Kitchen v. Herbert is the federal case that successfully challenged Utah's constitutional ban on marriage for same-sex couples and similar statutes. Three same-sex couples filed suit in March 2013, naming as defendants Utah Governor Gary R. Herbert, Attorney General John Swallow, and Salt Lake County Clerk Sherrie Swensen in their official capacities.

The U.S. District Court for the District of Utah found the state's ban on same-sex marriage unconstitutional in December 2013. Its order that the state cease enforcing its ban took effect immediately.
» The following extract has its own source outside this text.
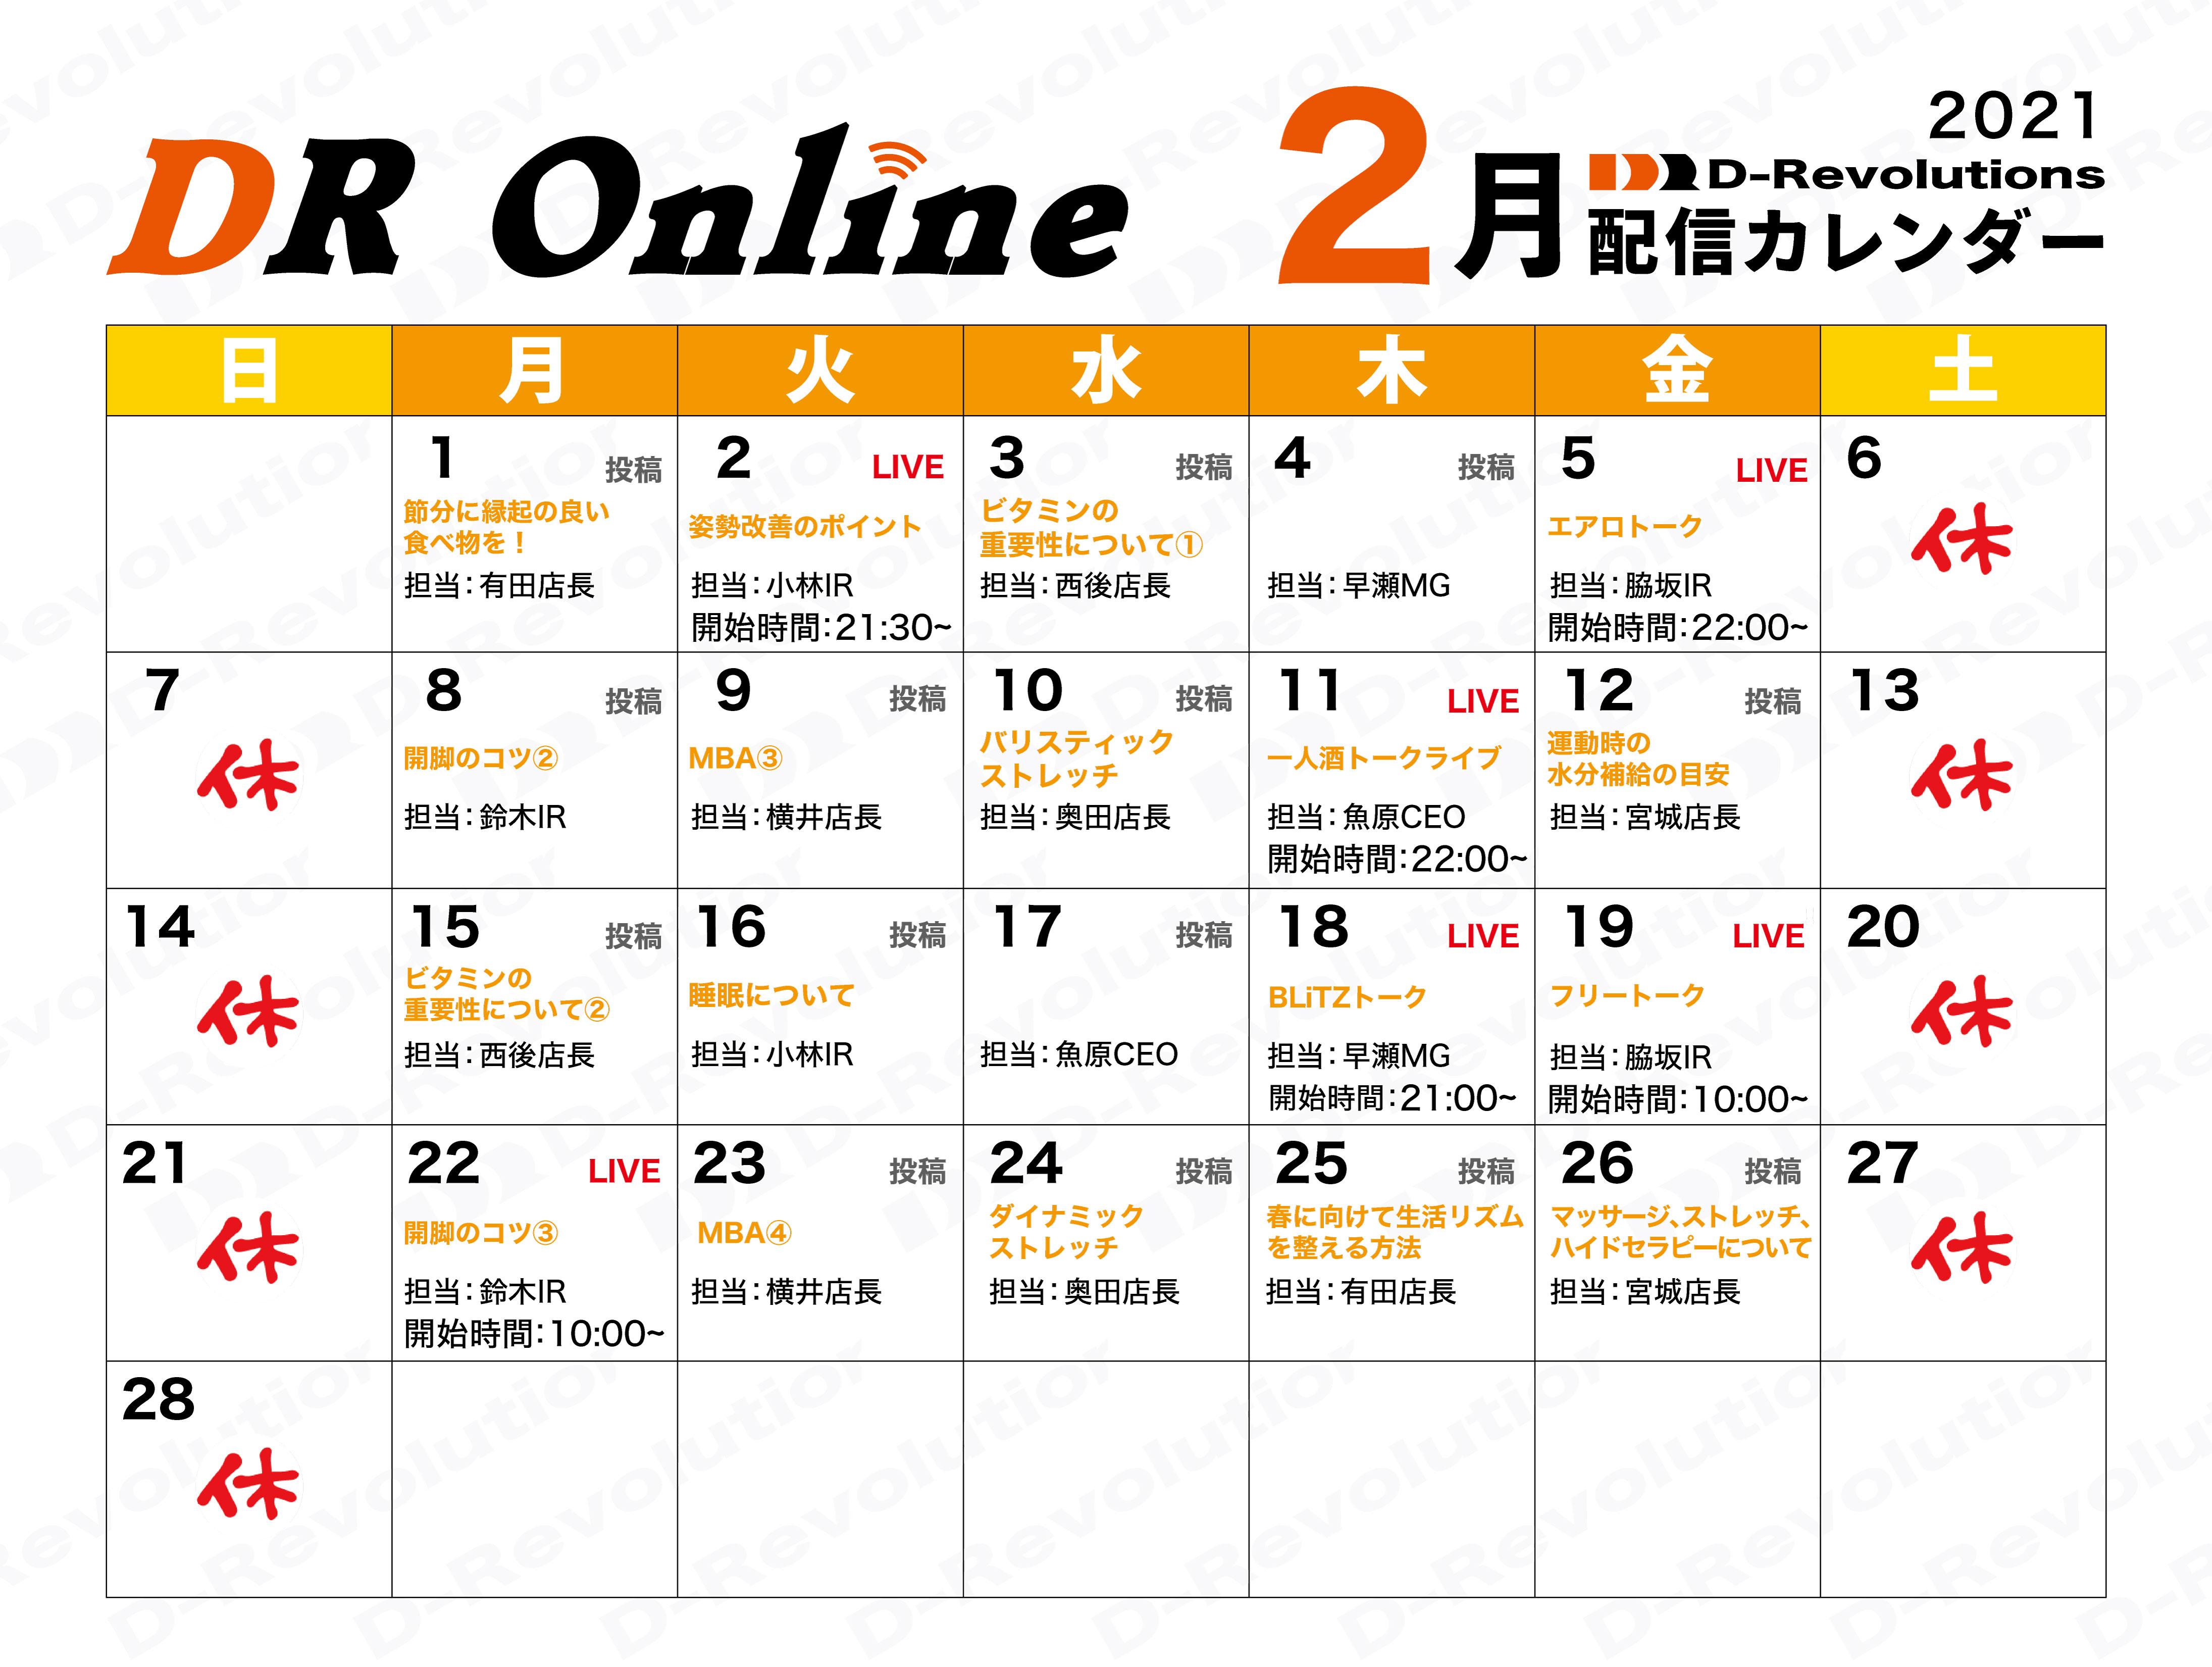 DR Online 2021/02月配信カレンダー
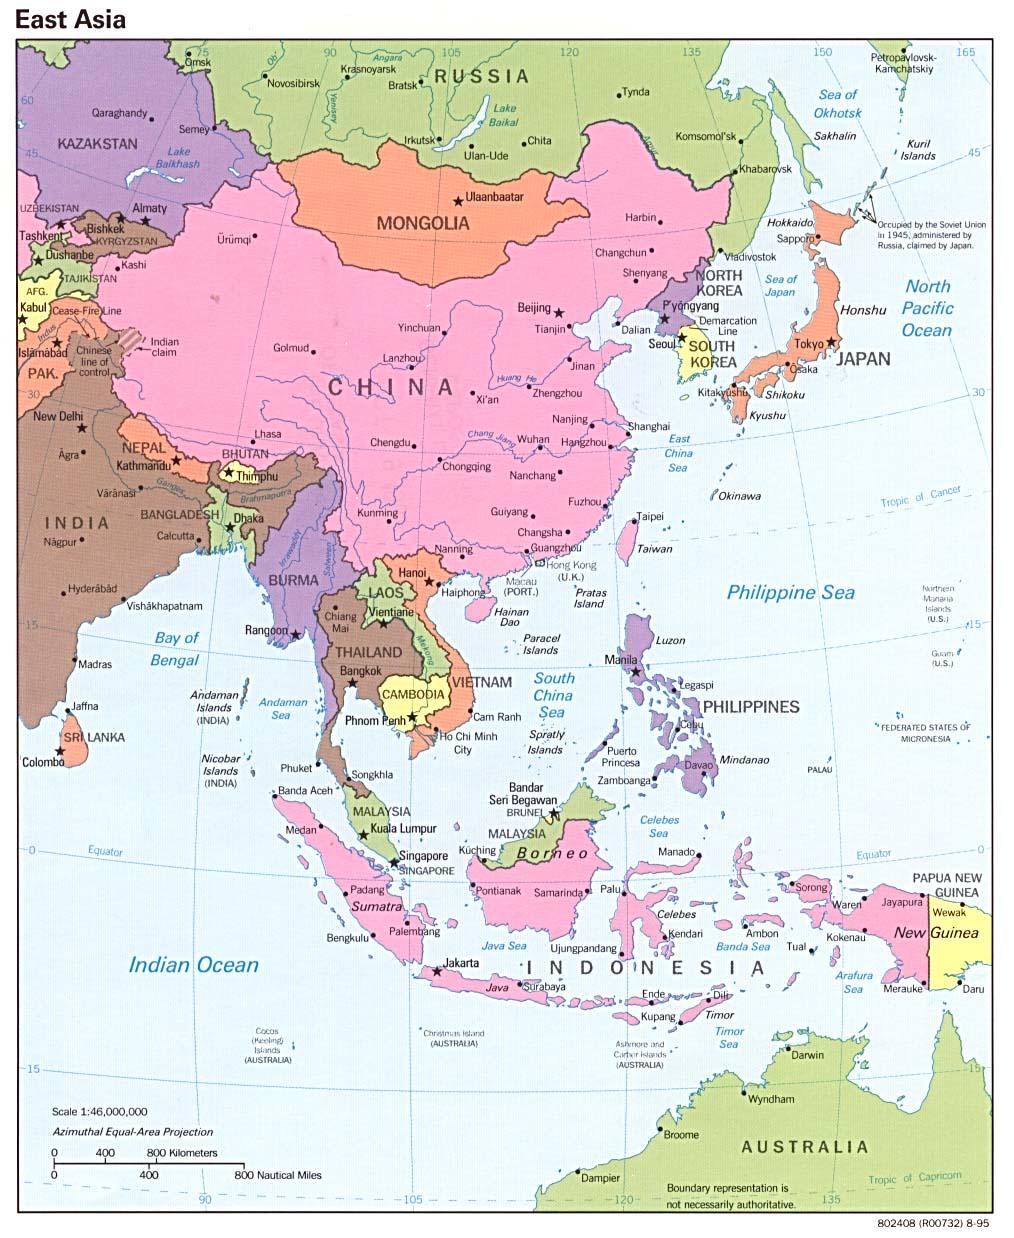 Mapa Politico de Asia del Este 1995

In January 2014, after stays had been denied by the District Court and the Tenth Circuit, the U.S. Supreme Court granted a stay of the District Court's order pending consideration of the appeal by the Tenth Circuit Court of Appeals.

In June 2014, the United States Court of Appeals for the Tenth Circuit affirmed the decision of the district court, finding that Utah's ban on same-sex marriage was unconstitutional, but stayed their mandate pending petition to the Supreme Court.

On October 6, 2014, the Supreme Court denied the petition for review without comment and the Tenth Circuit lifted its stay, putting into effect its order ending Utah's enforcement of its same-sex marriage ban.

==Background==
On November 2, 2004, Utah Constitutional Amendment 3, which defined marriage as a union exclusively between a man and woman passed by referendum and became part of the Utah State Constitution.

On June 26, 2013, in United States v. Windsor, the United States Supreme Court held that restricting U.S. federal interpretation of "marriage" and "spouse" to apply only to heterosexual unions was unconstitutional under the Due Process Clause of the Fifth Amendment, striking down Section 3 of the Defense of Marriage Act (DOMA).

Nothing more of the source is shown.